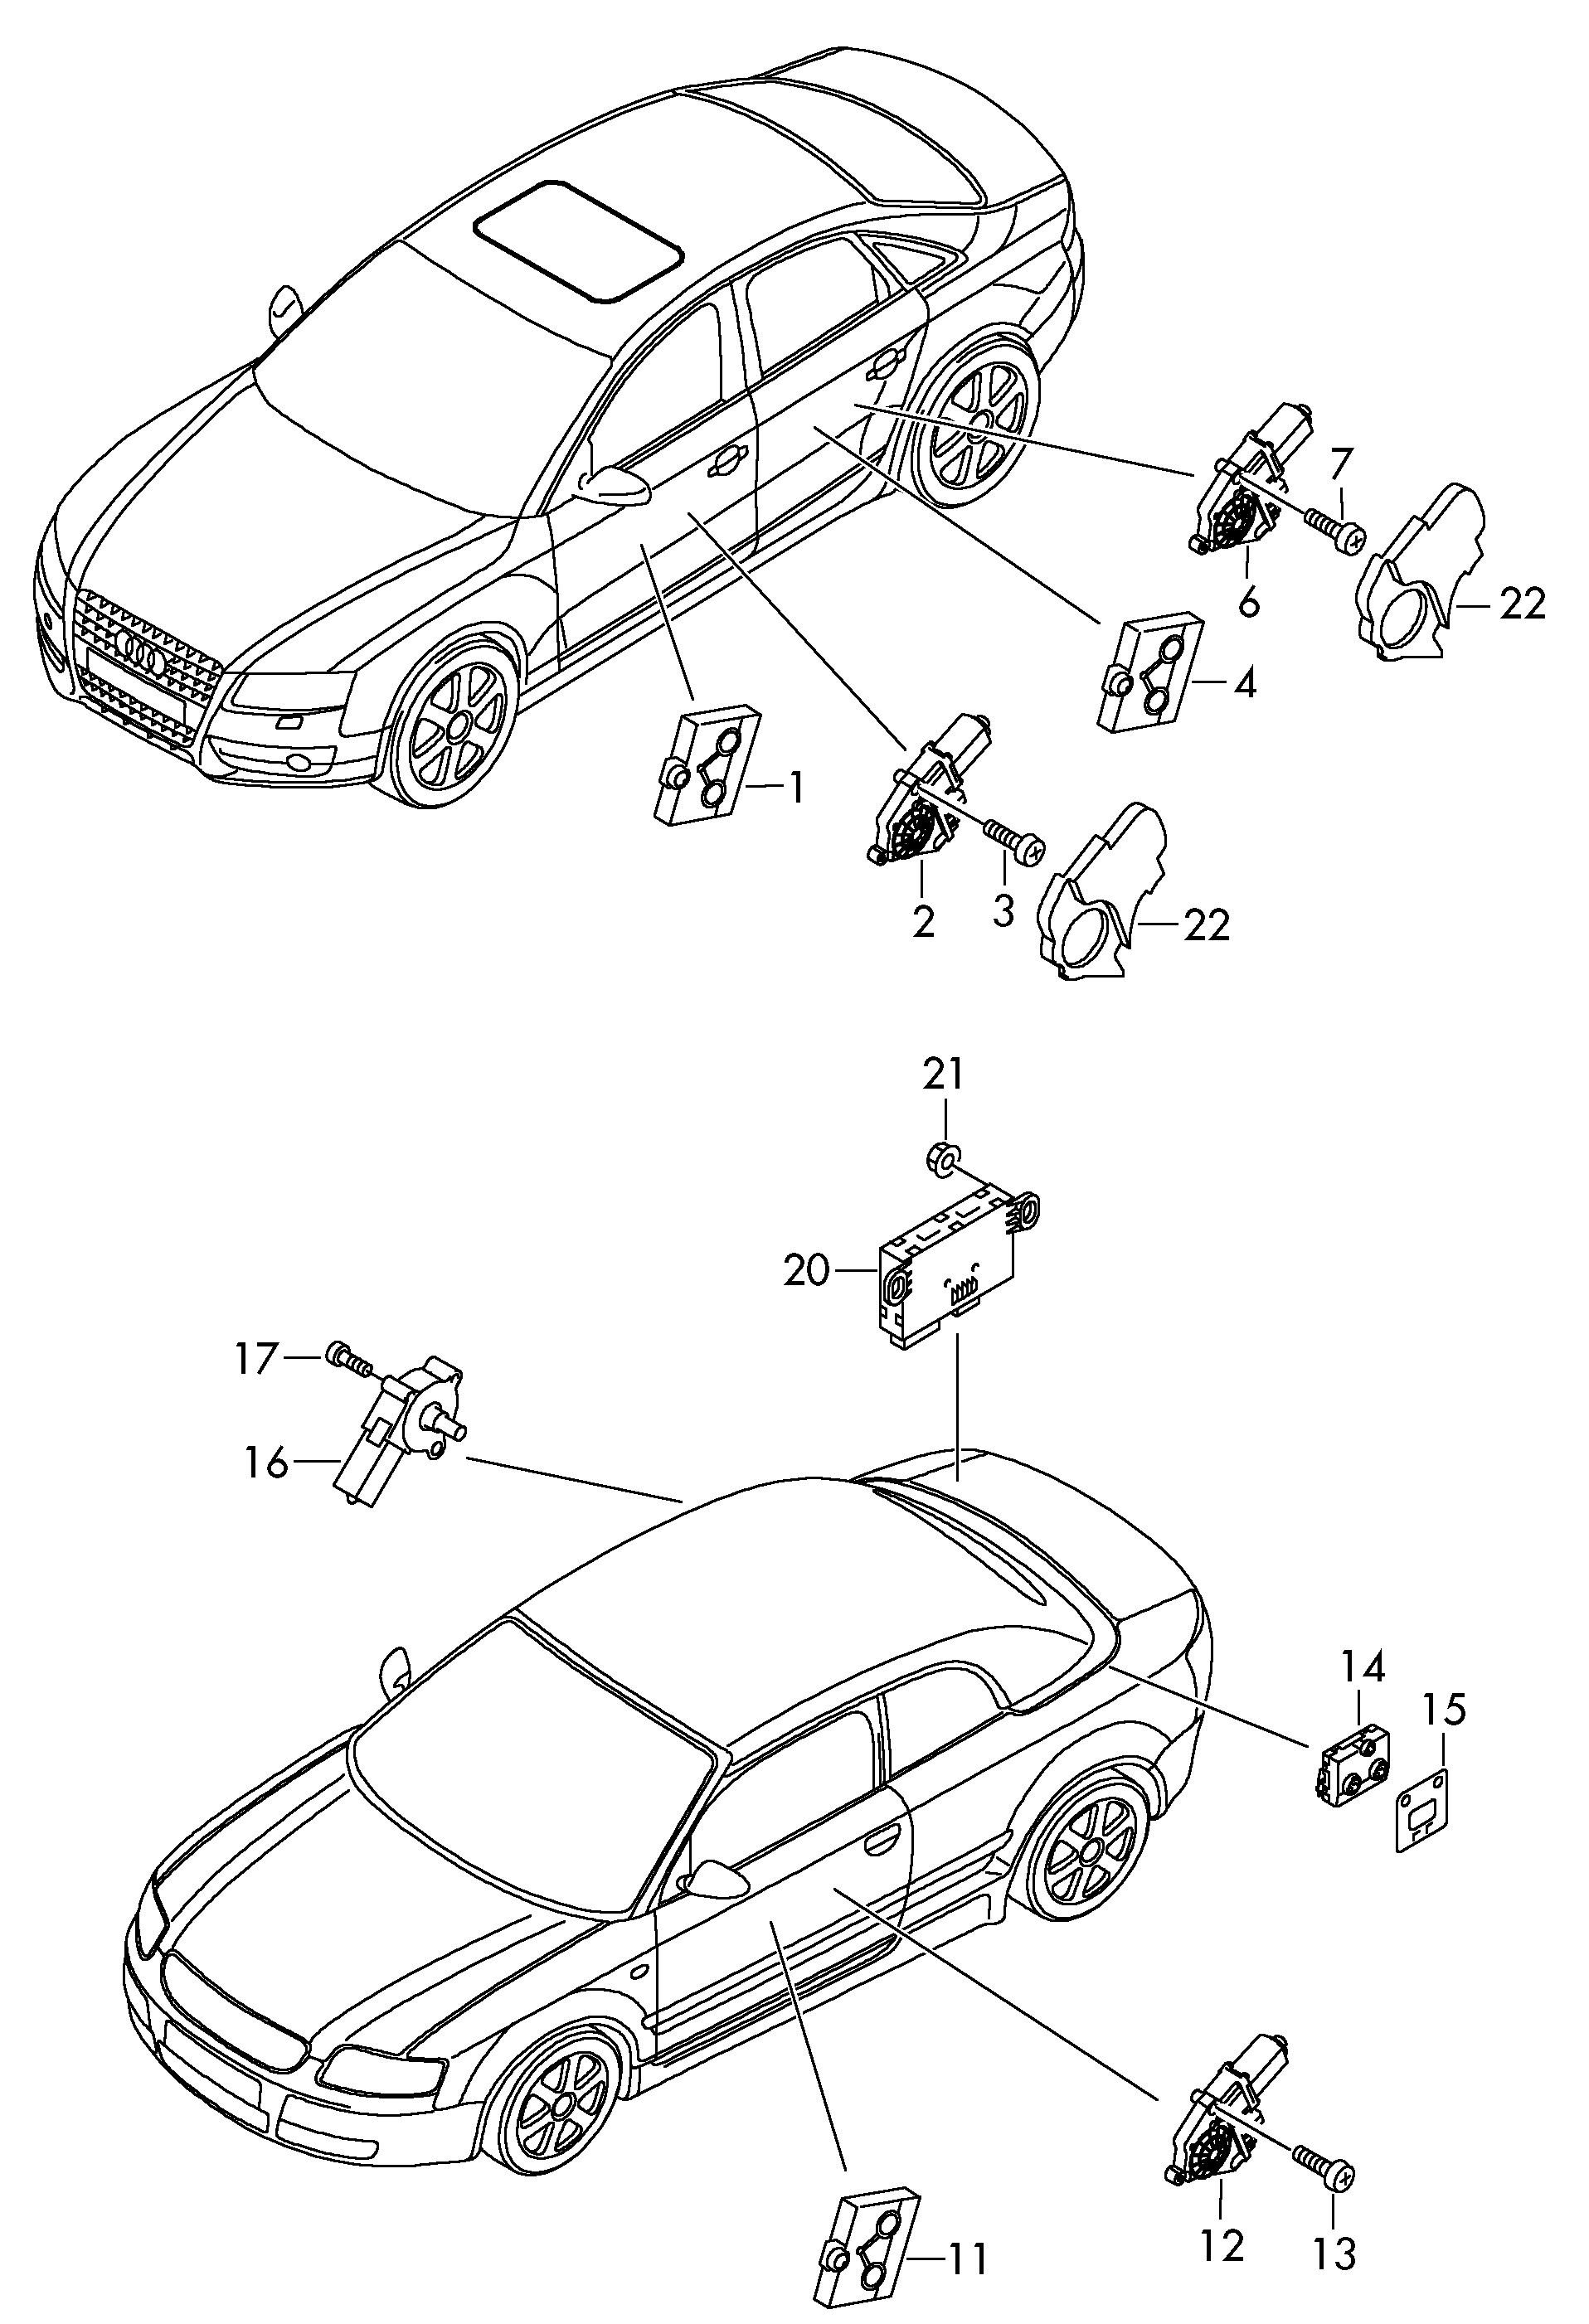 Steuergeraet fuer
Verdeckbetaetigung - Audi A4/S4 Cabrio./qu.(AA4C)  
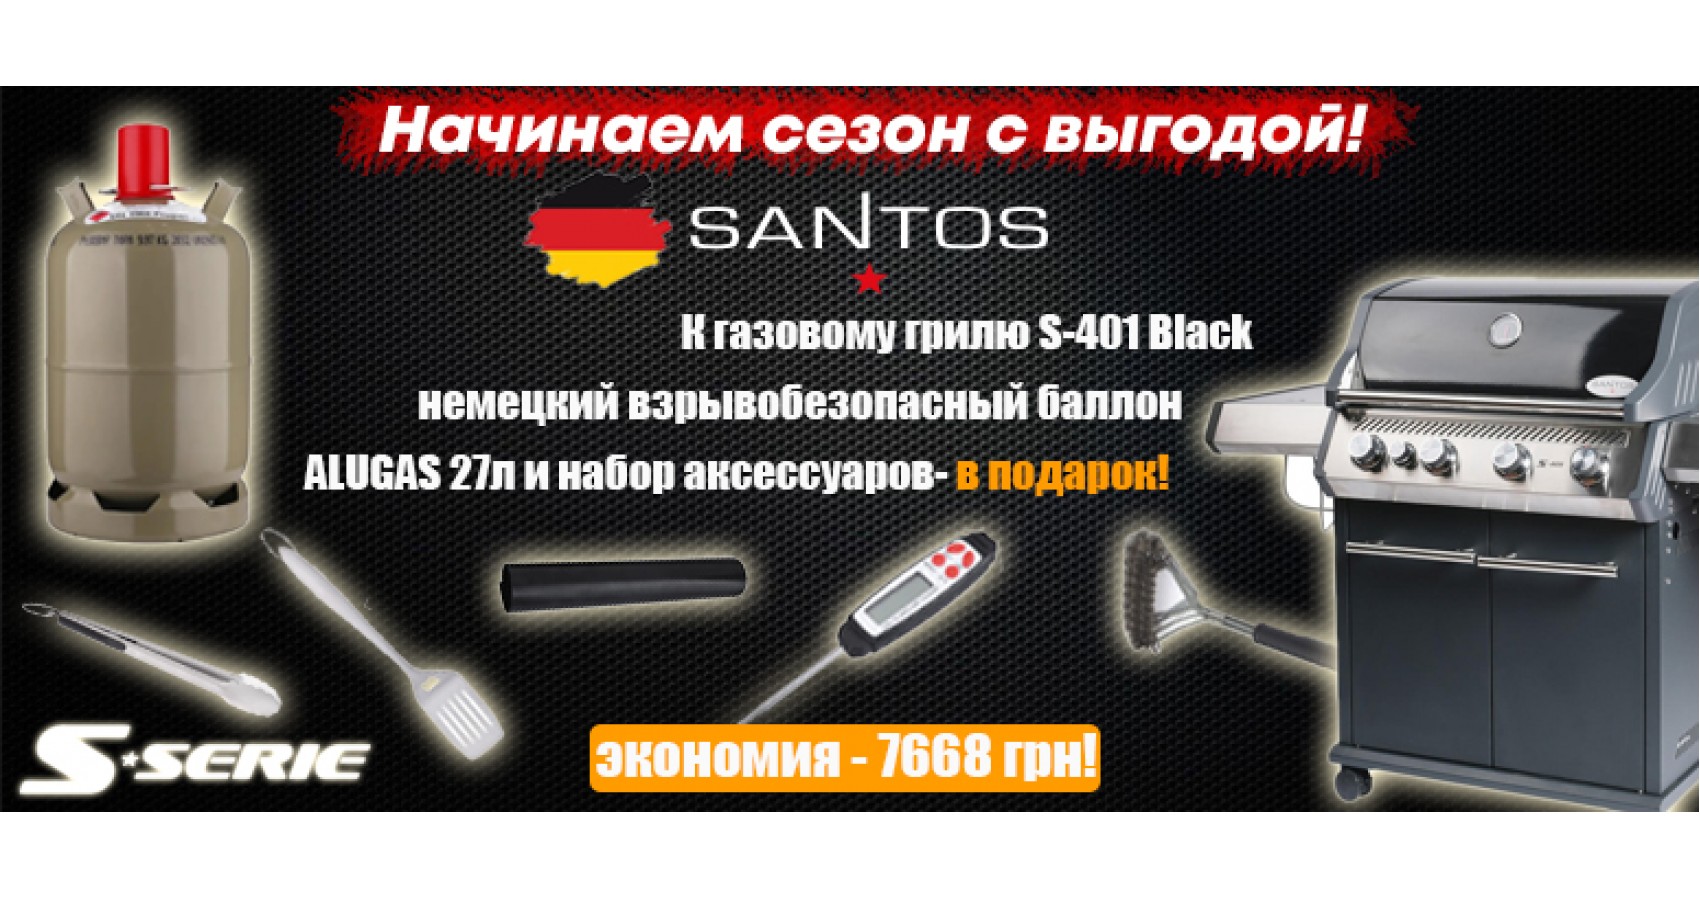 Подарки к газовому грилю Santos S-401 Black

*HOW TO COMPLETE THIS TASK*
Without the pictures, repeat the listing exactly as it reads.

*SOLUTION*
 Steuergeraet fuer
Verdeckbetaetigung - Audi A4/S4 Cabrio./qu.(AA4C)  
 Подарки к газовому грилю Santos S-401 Black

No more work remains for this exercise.